Open MPI logo

Open MPI User's Mailing List Archives

  |   Home   |   Support   |   FAQ   |   all Open MPI User's mailing list

Subject: Re: [OMPI users] SCALAPACK: Segmentation Fault (11) and Signal code: Address not mapped (1)
From: Jeff Squyres (jsquyres_at_[hidden])
Date: 2008-01-28 14:51:22


Sorry for not replying earlier.

I'm not a SCALAPACK expert, but a common mistake I've seen users make
is to use the mpif.h from a different MPI implementation when
compiling their fortran programs.
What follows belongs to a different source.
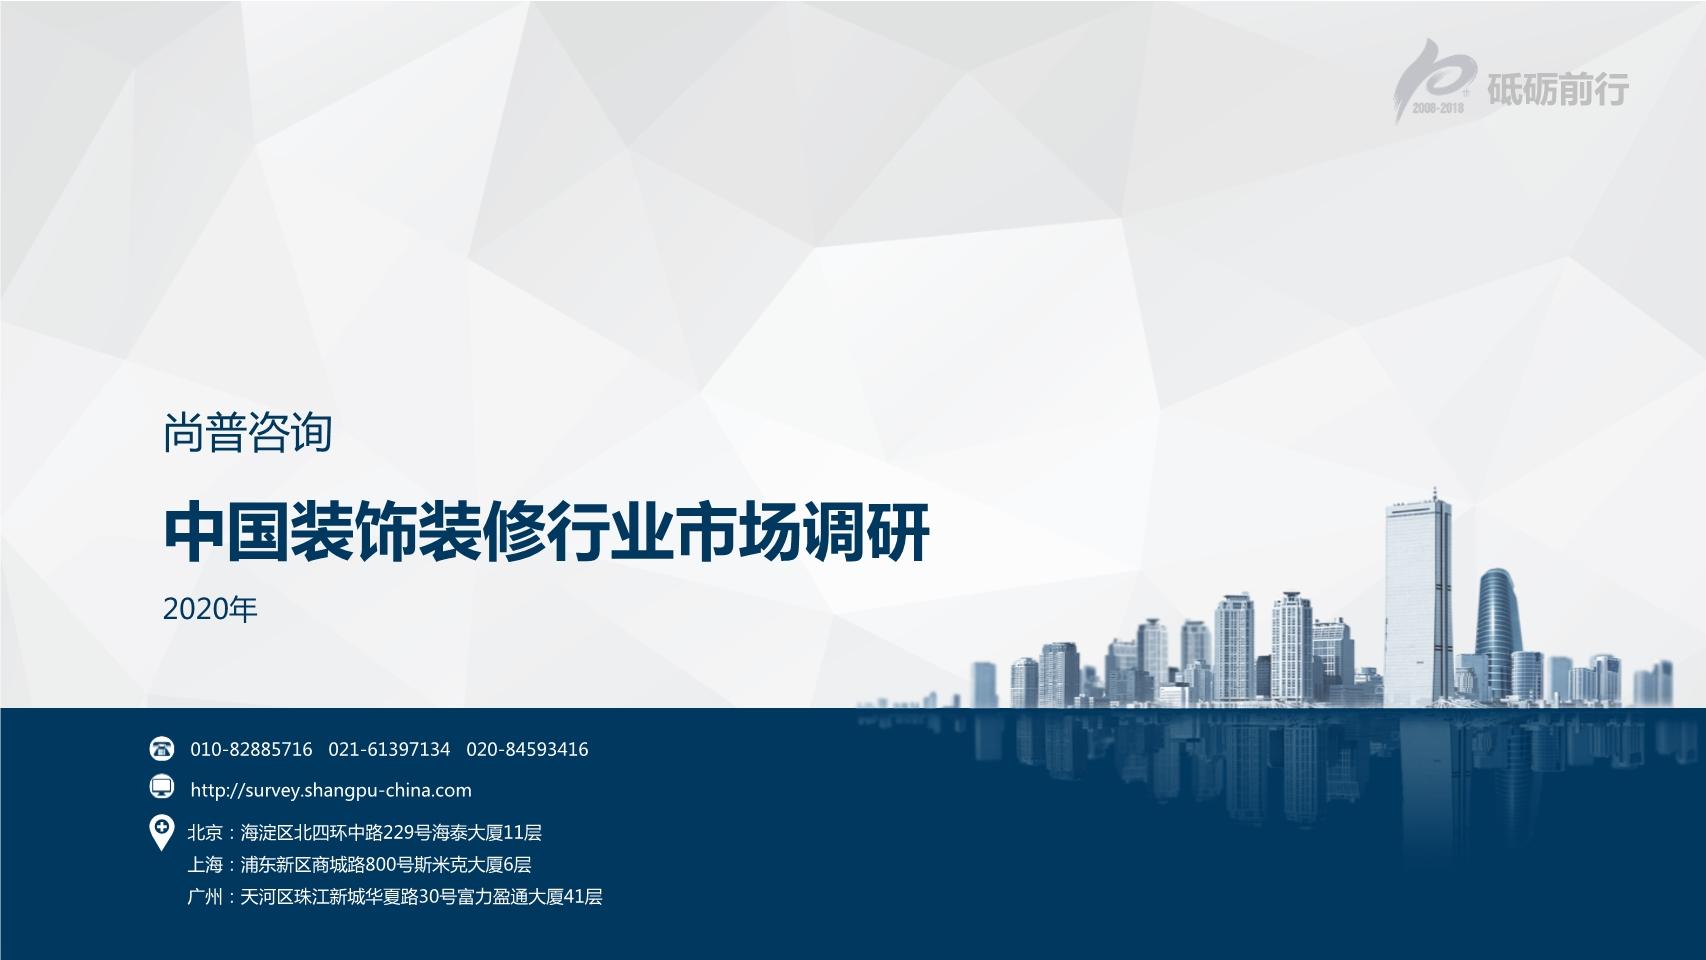 尚普咨询-2020年中国装饰装修行业市场前景分析

Can you verify that you're getting
the Open MPI mpif.h?

Also, there is a known problem that with the Pathscale compiler that
they have stubbornly refused to comment on for about a year now
(meaning: a problem was identified many moons ago, and it has not been
tracked down to be either a Pathscale compiler problem or an Open MPI
problem -- we did as much as we could and handed off to Pathscale, but
with no forward progress since then). So you *may* be running into
that issue...? FWIW, we only saw the pathscale problem when running
on InfiniBand hardware, so YMMV.

Can you run any other MPI programs with Open MPI?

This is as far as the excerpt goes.